Ahnen’in isminin hem atalar, hem de önsezinleme anlamına geldiğini açıklayan Shanahan, “Ahnen’de çok garip şeyler var. Eser, başka diyarlardan ruhlar sürüyor sahneye, herkes çok garip bir ruh halinde.” Shanahan’ın Gebirge hakkında dedikleri (“Bizim en garip hallerimizi bir araya getiriyor … birbirimizden çok farklıyız ama bir şekilde hepimizin özü aynı”) ekibin kimliği hakkında fikir veriyor bize. Tanztheater Wuppertal daima uluslar arası bir kadroya sahip olmuştur. 1980 yılında Umut ve Şöhret Diyarı’nın [Land of Hope and Glory] bir kısmında bu özellikle göze çarpmıştı. Dansçılar mikrofon karşısında sırayla ülkelerinden üç şey söylemişti (Spaghetti! Caruso! Espresso! / Chopin! Vodka! Nijinski!).

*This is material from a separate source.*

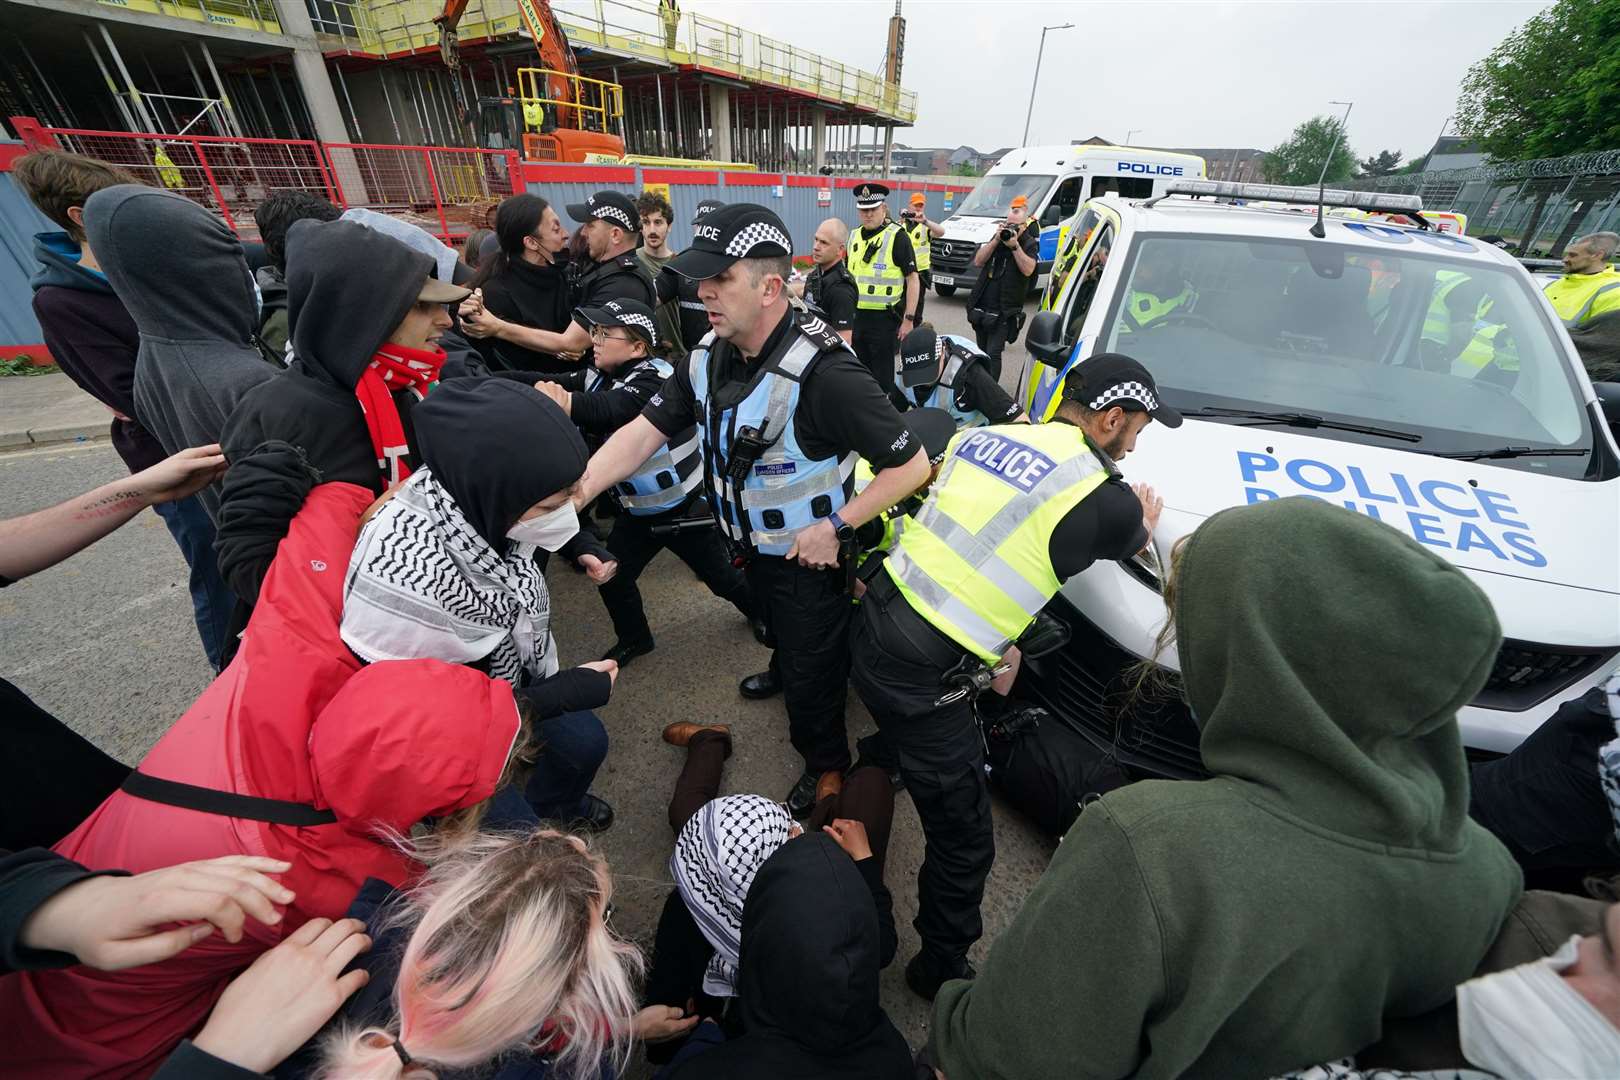 There were scuffles between the campaigners and police outside the factory (Andrew Milligan/PA)

Shanahan 1984 yılında Almanya’ya geldiği zamanı, “insanlar soykırım hakkında konuşmaya başlamamıştı daha. Savaştan sonra hayatlarını toparlamaya çalışıyorlardı. Herkes içlerinden geçtikleri zor dönemle baş etmeye çalışıyordu. Tiyatro yapma ihtiyacı, bugünkü ihtiyaçtan çok daha farklıydı – acıları hakkında bir şey yapmaları gerekiyordu” şeklinde açıklıyor. “Bausch, dünyanın dört bir yanından gelip farklı hayatlara sahip olan insanları birleştirdi. Avustralyalılar özgürlüğün ve yabaniliğin diyarından gelmişti. Buradaki insanlar duygularını kontrol etmeyi öğrenmişti. Dünyanın her ucundan bu kadar insanı, insanlığın bütün yönlerini bir araya getirmekle ne akıllılık etmiş!” diye de ekledi.

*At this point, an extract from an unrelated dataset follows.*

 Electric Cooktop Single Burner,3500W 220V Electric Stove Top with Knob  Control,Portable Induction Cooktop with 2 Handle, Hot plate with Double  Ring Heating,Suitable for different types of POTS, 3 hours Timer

Wuppertal’daki seyirci de her yerden geliyor. Nazareth Panadero her zamanki gibi Masurca Fogo’da ön sırada oturan izleyyiciye “Nerelisiniz?” diye sorduğunda sıkça Londra veya Paris gibi cevaplar alınabiliyor. Ekibin bu şehirlerdeki sergilemeleri genellikle kapalı gişe oynadığından, hayranlar Köln’e veya Düsseldorf’a uçup oradan da Bausch’un memleketine kısa bir tren yolculuğuyla geçiyor. Ekibin ofisinin yanındaki otelde kalırsanız, Bausch prodüksiyonlarından birinin köpek yıldızını bile görebilirsiniz ([Pina’nın] yetenek keşfeden gözü, otel sahibinin köpeğine takılmıştı).

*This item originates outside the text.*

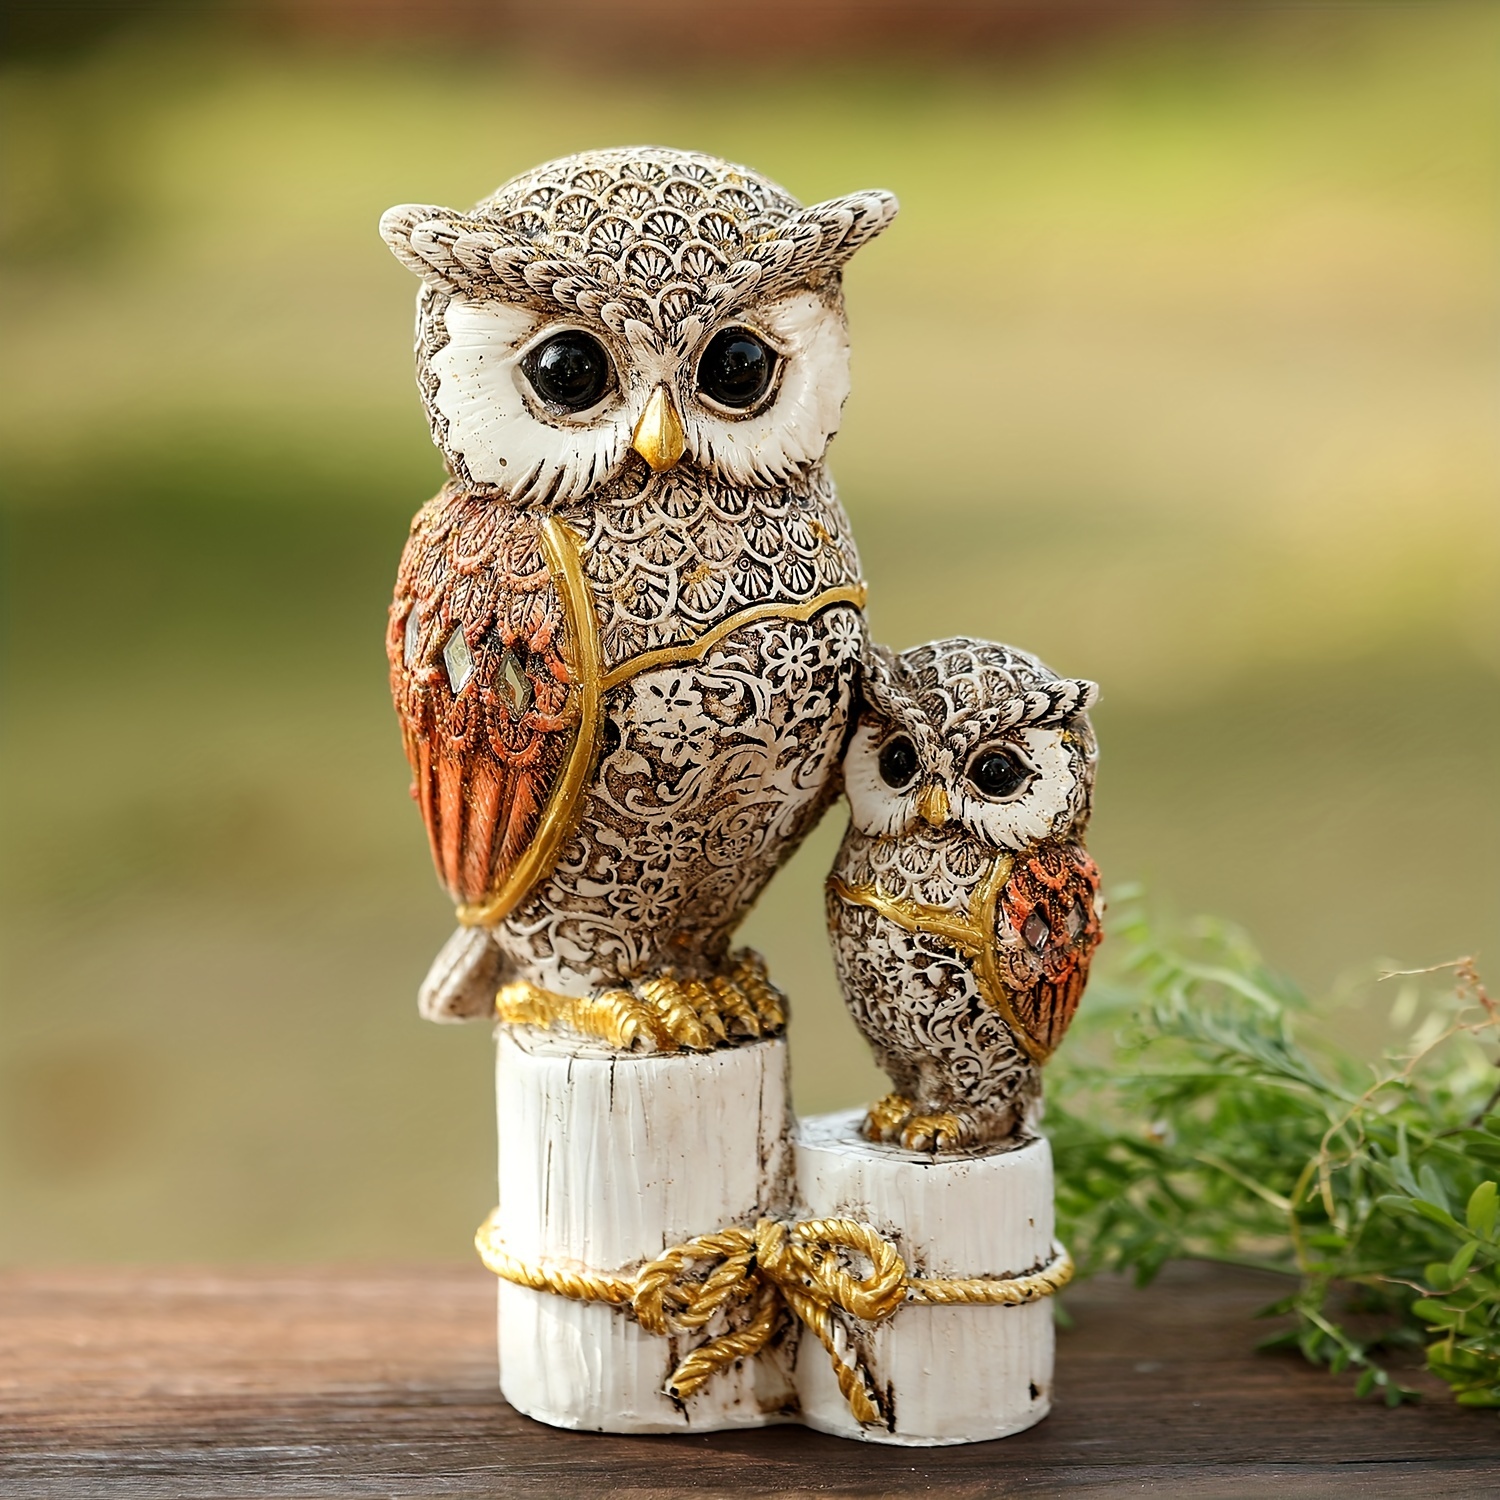 Owl Solar Light with Solar LED Panel Owl Waterproof Outdoor Decor Solar  Powered Path Lawn Yard Home Garden Lamps Statues on OnBuy

Bausch, “Burası güzel olduğu için ziyaret edeceğiniz bir şehir değil. Bu şehre çalışmak için gelirsiniz,” derdi dansçılarına. Shanahan, “Tam da bunu istiyordu bizden,” diyor. “Lichtburg’a gelirdik ve çalışırdık, çalışırdık, çalışırdık. Samimiyetle dolu yepyeni bir dünya yaratırdık. Wuppertal’da, hiç bir şey yaşanmayan bu kasabada, istediğimiz her şeyi deneyebileceğimiz bir dünyaya sahiptik … Pina’nın ruhu şuanda orada.”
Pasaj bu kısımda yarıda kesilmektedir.